Before: SNEED, D.W. NELSON, and TROTT, Circuit Judges.


MEMORANDUM** 

Gary Trudell, a Washington state prisoner, appeals pro se the district court's dismissal of his 28 U.S.C. § 2254 habeas petition. The district court dismissed Trudell's petition as an abuse of the writ. We have jurisdiction pursuant to 28 U.S.C. § 2253. We review for an abuse of discretion, Campbell v. Blodgett, 997 F.2d 512, 516 (9th Cir. 1992), cert. denied, 114 S. Ct. 1337 (1994), and affirm.

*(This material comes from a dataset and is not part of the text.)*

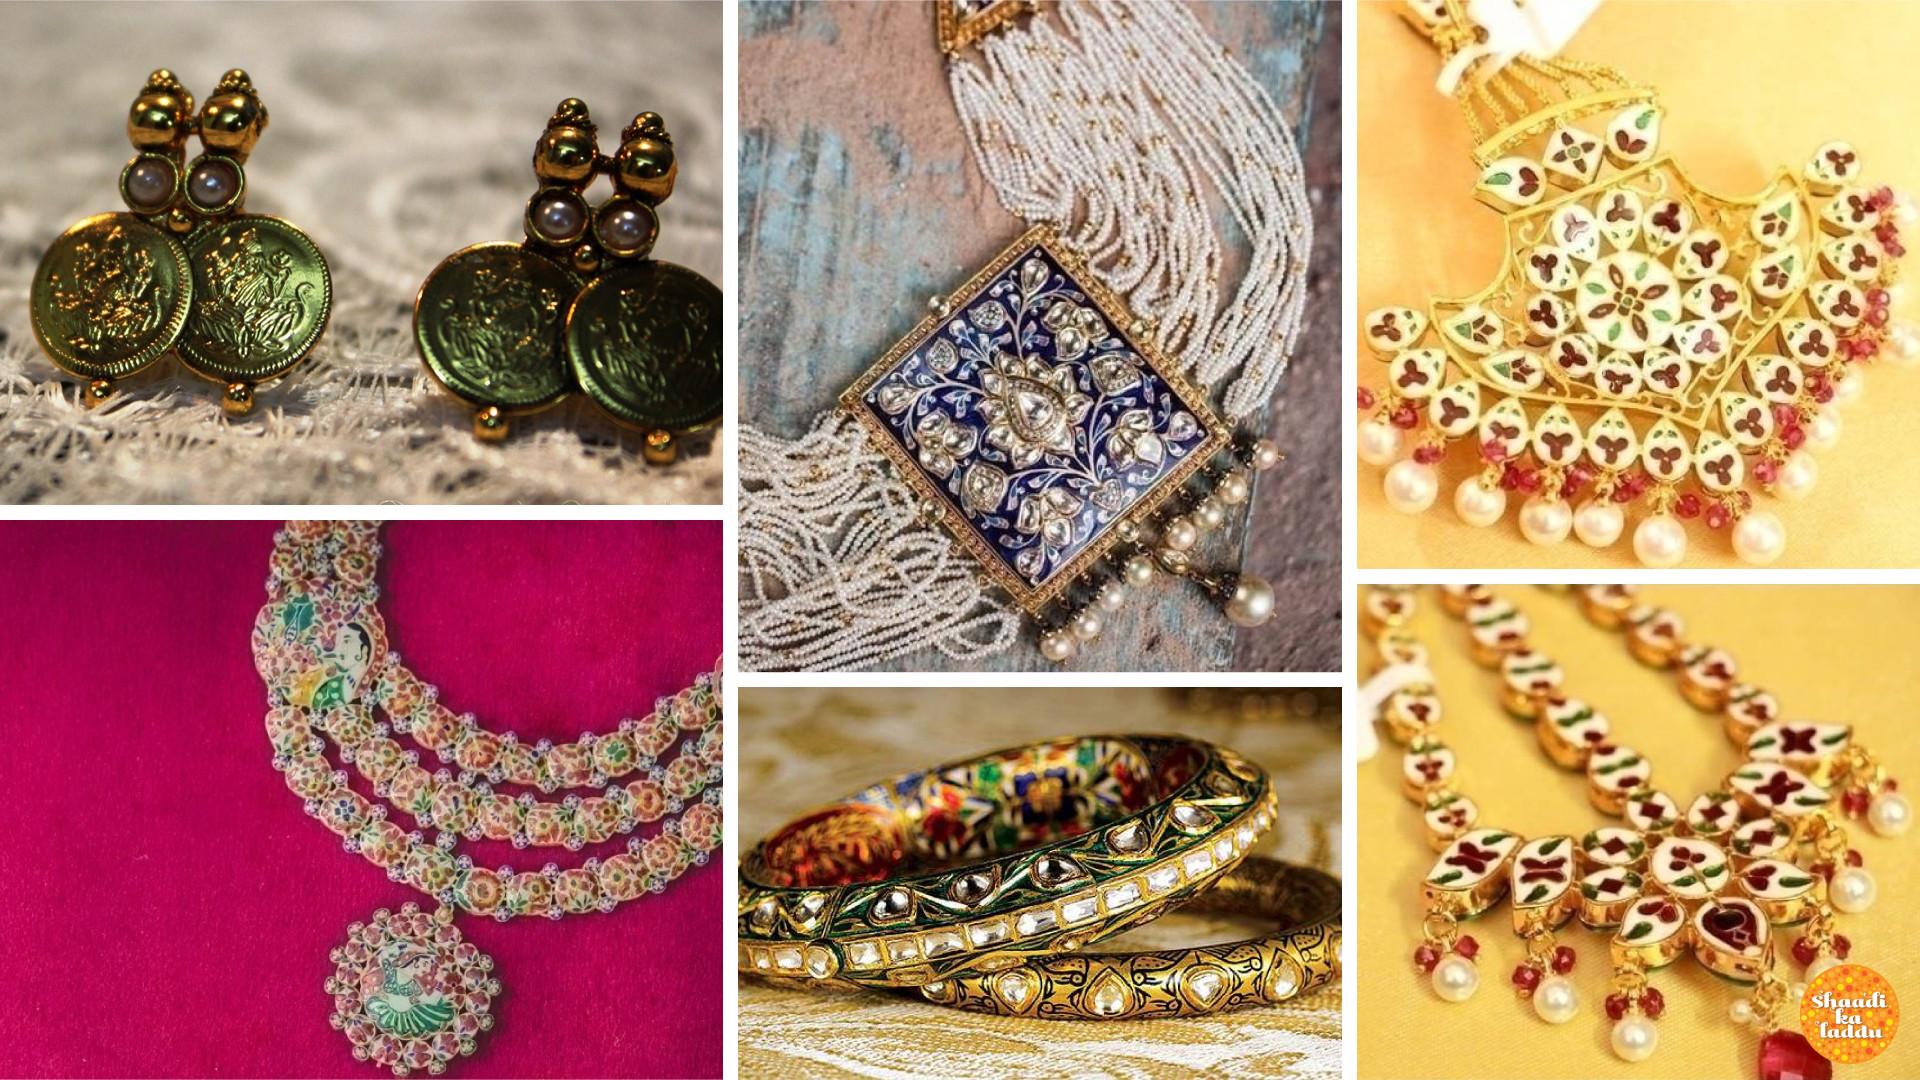 Meenakari art of Jaipur, meenakari bangles, pendant studded neckpiece

A petitioner may abuse the writ of habeas corpus if he raises a new claim in a subsequent habeas petition that he could have raised in his first habeas petition. Rule 9(b), 28 U.S.C. foll. Sec. 2254; McCleskey v. Zant, 499 U.S. 467, 489 (1991). The state bears the initial burden of pleading abuse of the writ. McCleskey, 499 U.S. at 494. The state satisfies its burden if, with clarity and particularity, it notes petitioner's prior writ history, identifies the claims that appear for the first time, and alleges that petitioner has abused the writ. Id. The burden then shifts to the petitioner to show cause for failing to raise the claim earlier and prejudice resulting from the errors of which he complains. Id.; Campbell, 997 F.2d at 524.

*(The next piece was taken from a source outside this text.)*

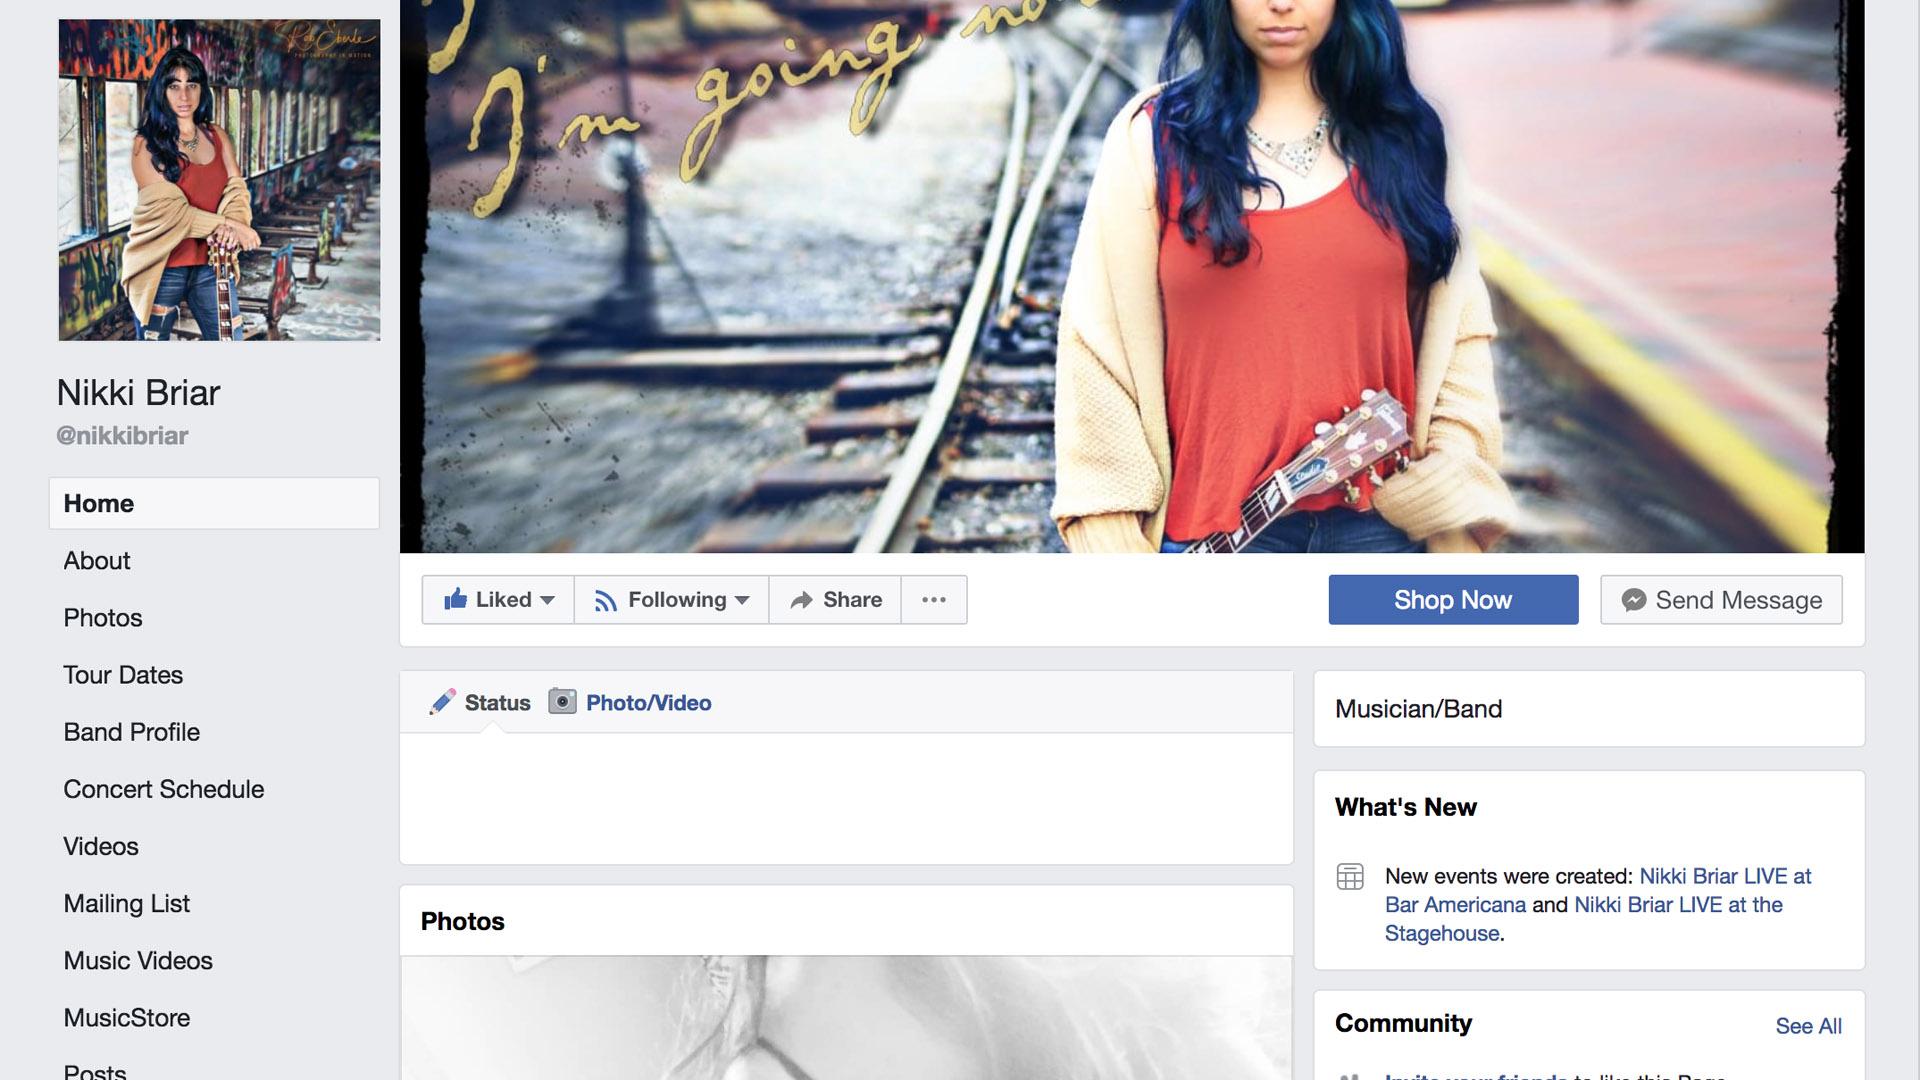 www.facebook.com/nikkibriar

If the petitioner cannot show cause, the failure to raise the claim in an earlier petition may nonetheless be excused if the petitioner can show that a fundamental miscarriage of justice would result. McCleskey, 499 U.S. at 494-95. "A fundamental miscarriage of justice occurs in those 'extraordinary instances when a constitutional violation probably has caused the conviction of one innocent of the crime.' " Harris v. Vasquez, 949 F.2d 1497, 1515 (9th Cir. 1990) (citing McCleskey, 499 U.S. at 494), cert. denied, 112 S. Ct. 1275 (1992). In order to meet this narrow exception, the petitioner must supplement his claim of constitutional error with a colorable claim of factual innocence. McCleskey, 499 U.S. at 495; Clark v. Lewis, 1 F.3d 814, 821 (9th Cir. 1993).

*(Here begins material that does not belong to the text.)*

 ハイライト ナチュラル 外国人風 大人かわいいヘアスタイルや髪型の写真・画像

Trudell filed his first federal habeas petition in 1983, in which he challenged his 1980 conviction for first degree murder. Trudell raised three claims: (1) violation of his right to confront witnesses; (2) failure to grant a new trial based upon newly discovered evidence; and (3) failure to exclude evidence. The district court denied the petition on the merits. On October 15, 1993, Trudell filed his second federal habeas petition. In this petition, Trudell's sole claim is that the state court lacked subject matter jurisdiction because Trudell is an enrolled member of the Yankton Sioux Tribe and the murder occurred on the Tulalip Reservation.

The state met its burden of pleading abuse of the writ by noting Trudell's prior writ history, identifying Trudell's new claim and alleging abuse of the writ. See McCleskey, 499 U.S. at 494.

Trudell does not dispute that he has raised a new claim for the first time in a second federal habeas petition. In addition, Trudell has not shown cause for his failure to raise this claim in his earlier federal habeas petition. See id. During trial, the evidence clearly indicated that the murder occurred on an Indian Reservation. Trudell offers no explanation for his failure to include his jurisdictional claim in his first federal habeas petition. Accordingly, the district court did not err in finding that Trudell had failed to show cause for his abuse of the writ. See id.; Campbell, 997 F.2d at 516.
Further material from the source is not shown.